The tfestimators package is an R interface to TensorFlow Estimators, a high-level API that provides implementations of many different model types including linear models and deep neural networks.

More models are coming soon such as state saving recurrent neural networks, dynamic recurrent neural networks, support vector machines, random forest, KMeans clustering, etc. TensorFlow estimators also provides a flexible framework for defining arbitrary new model types as custom estimators.

The framework balances the competing demands for flexibility and simplicity by offering APIs at different levels of abstraction, making common model architectures available out of the box, while providing a library of utilities designed to speed up experimentation with model architectures.

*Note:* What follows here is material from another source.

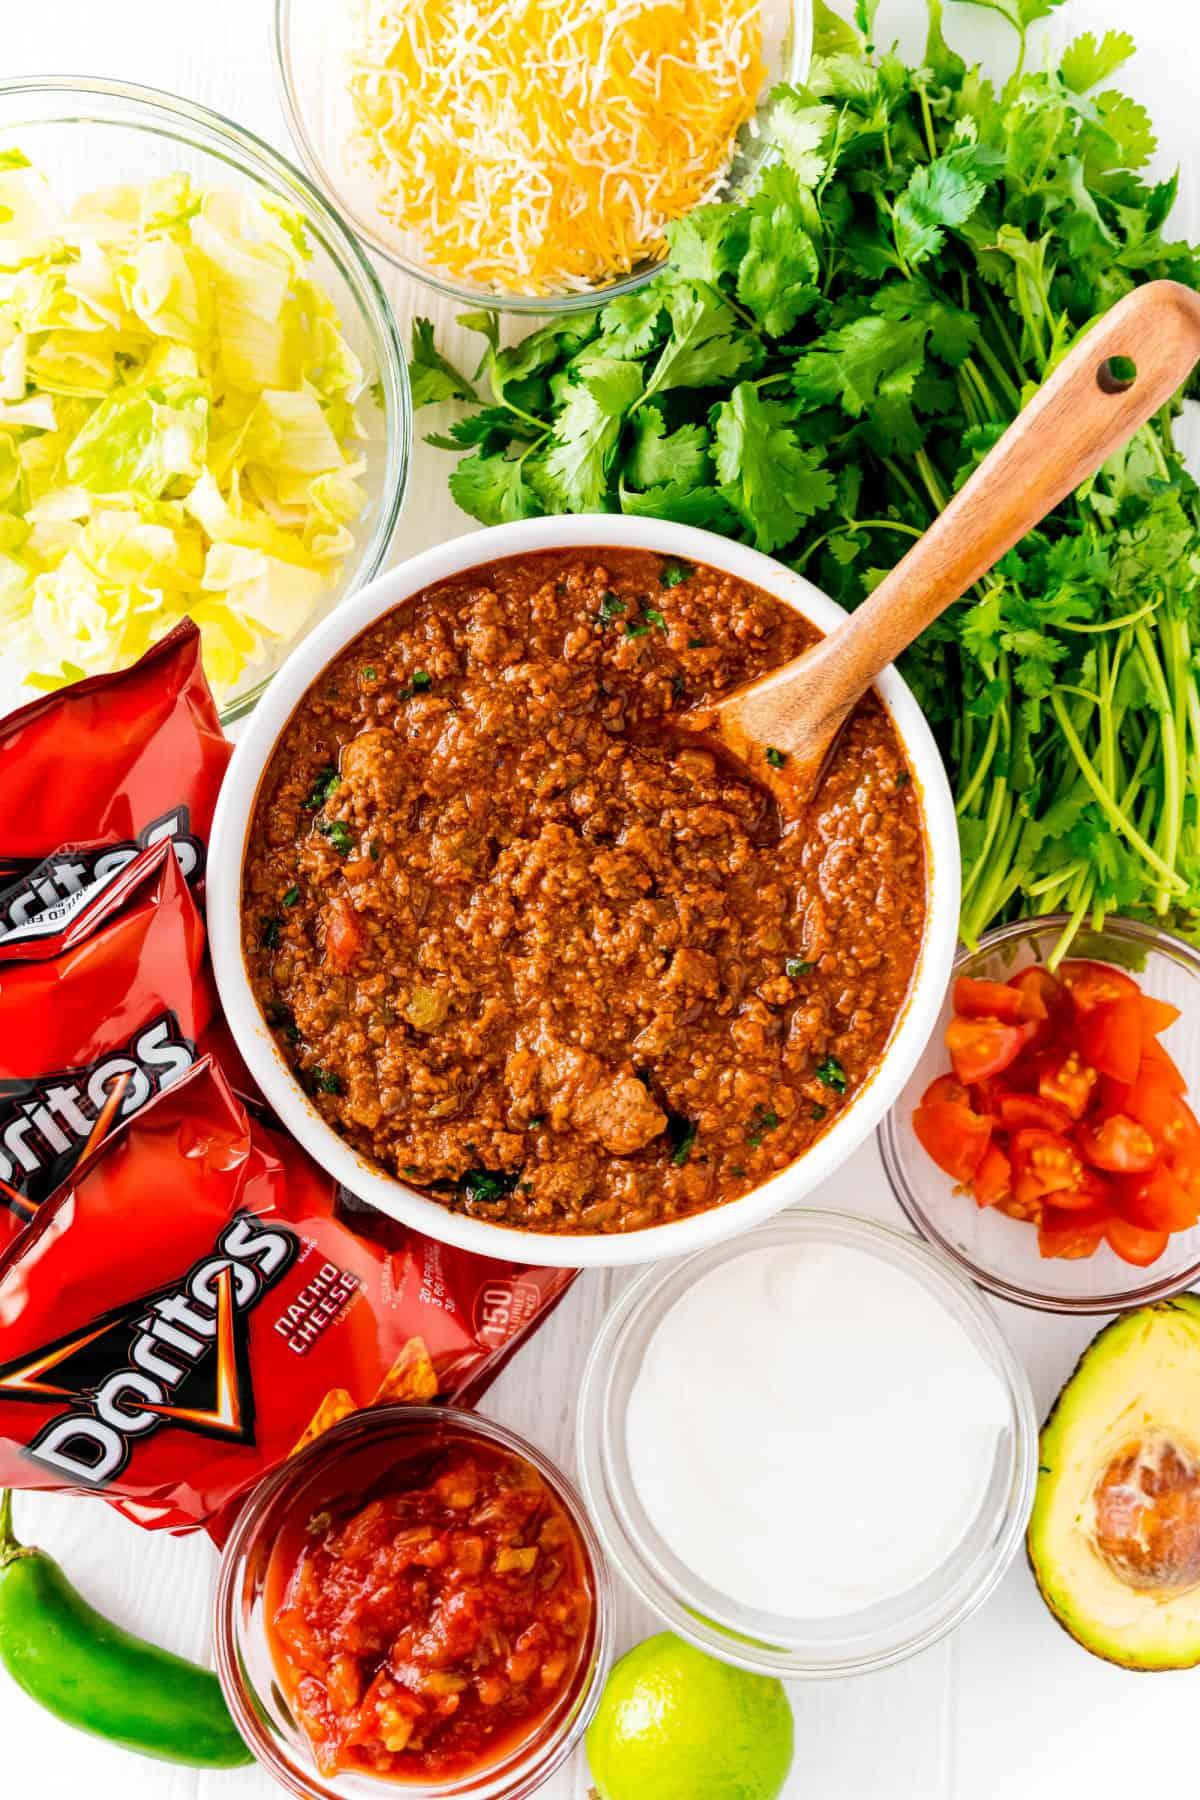 Ingredients needed for walking tacos.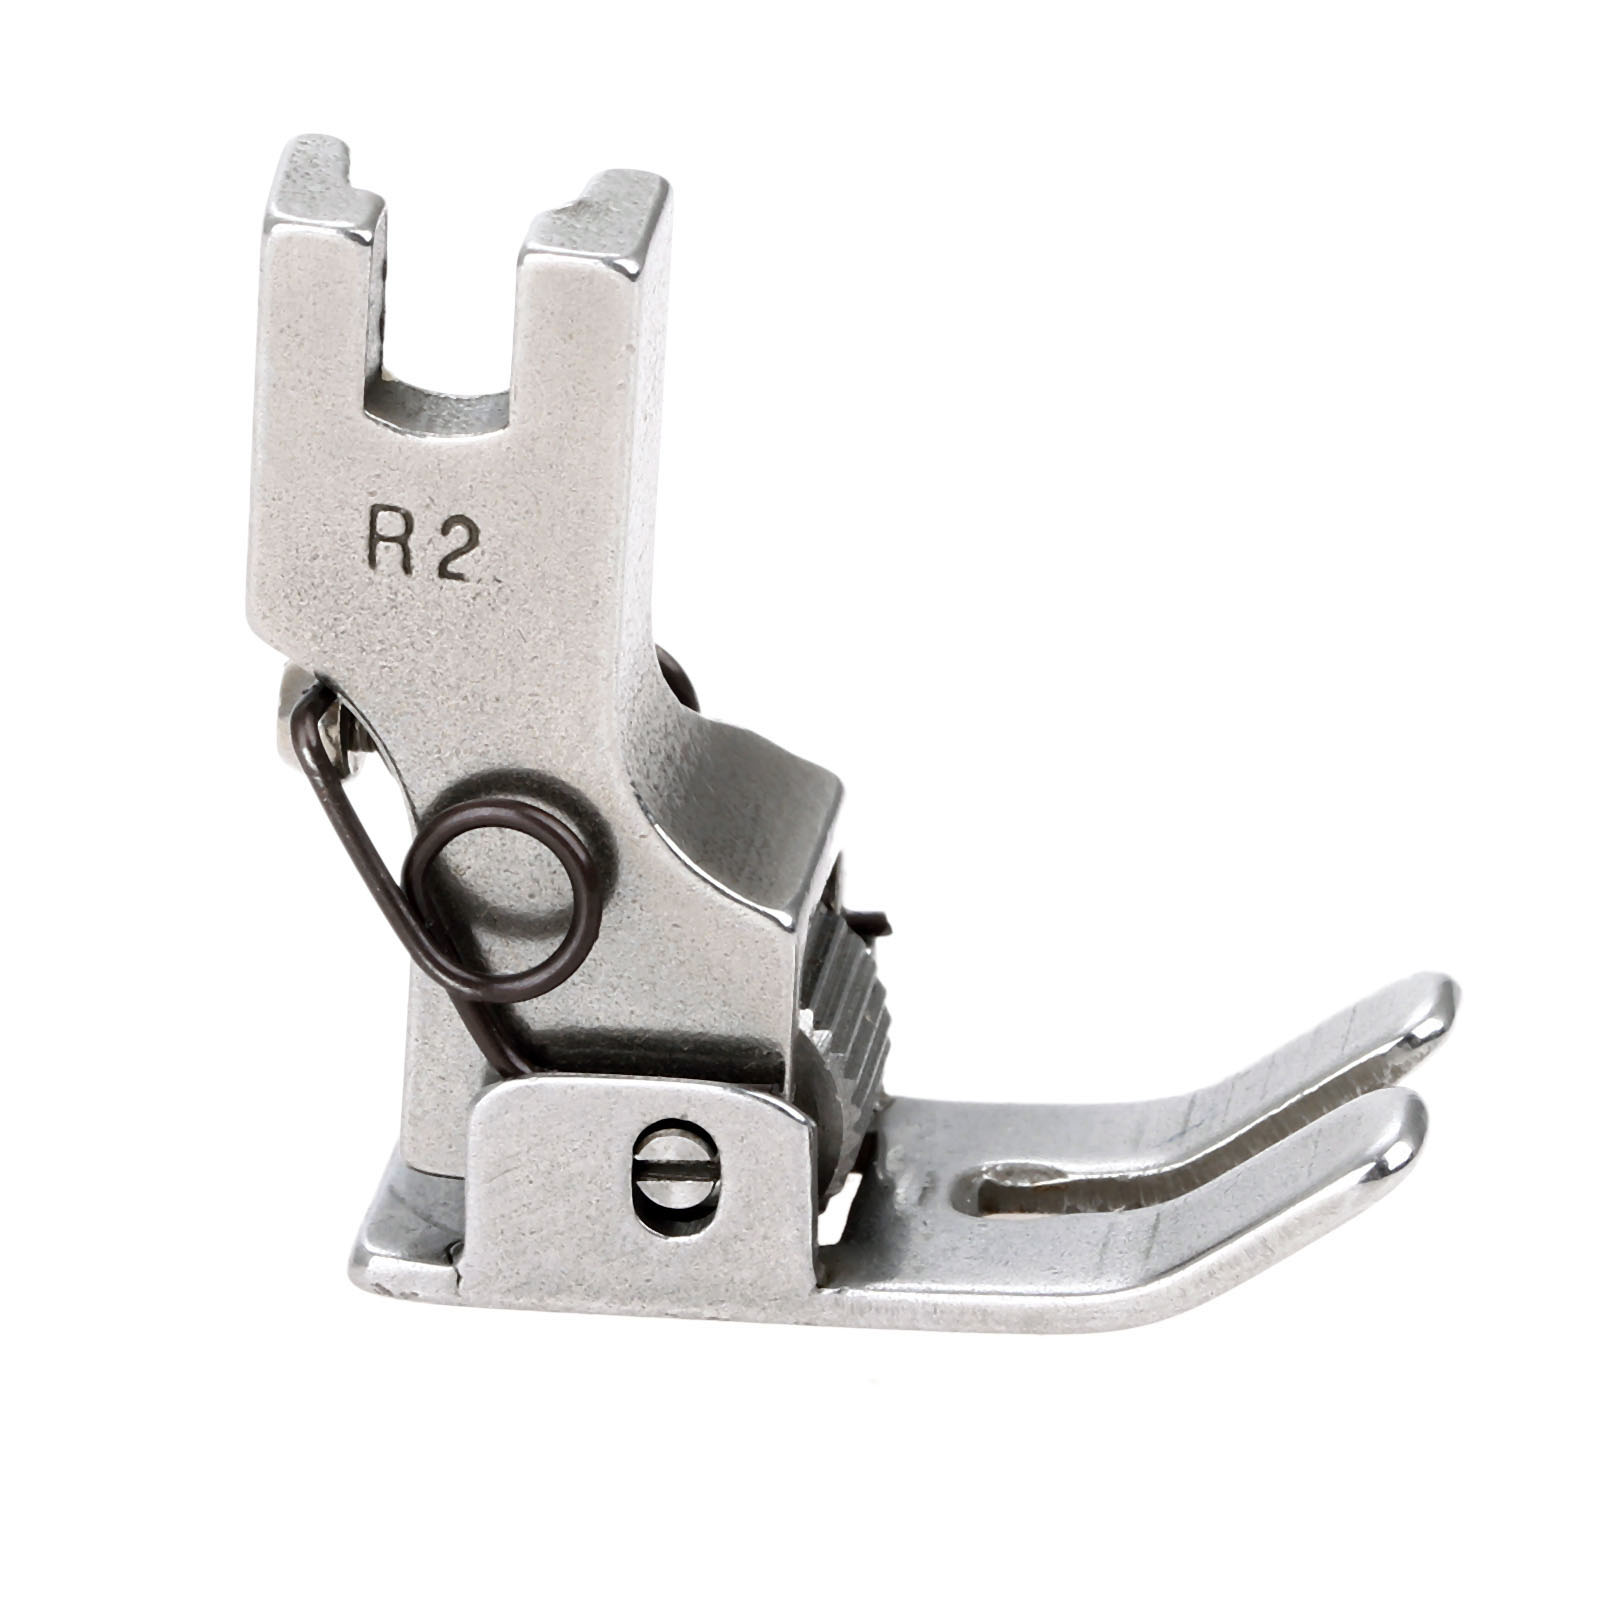 1Pc Industrial Sewing Machine Parts Steel Flatcar Roller Presser Foot R2 Flat Platen Roller Wheels For Industrial Sewing Machine

These abstractions guide developers to write models in ways conducive to productionization as well as making it possible to write downstream infrastructure for distributed training or parameter tuning independent of the model implementation.

To make out of the box models flexible and usable across a wide range of problems, **tfestimators** provides canned Estimators that are are parameterized not only over traditional hyperparameters, but also using feature columns, a declarative specification describing how to interpret input data.

For more details on the architecture and design of TensorFlow Estimators, please check out our KDD’17 paper: TensorFlow Estimators: Managing Simplicity vs. Flexibility in High-Level Machine Learning Frameworks.

## Quick Start

### Installation

To use **tfestimators**, you need to install both the **tfestimators** R package as well as TensorFlow itself.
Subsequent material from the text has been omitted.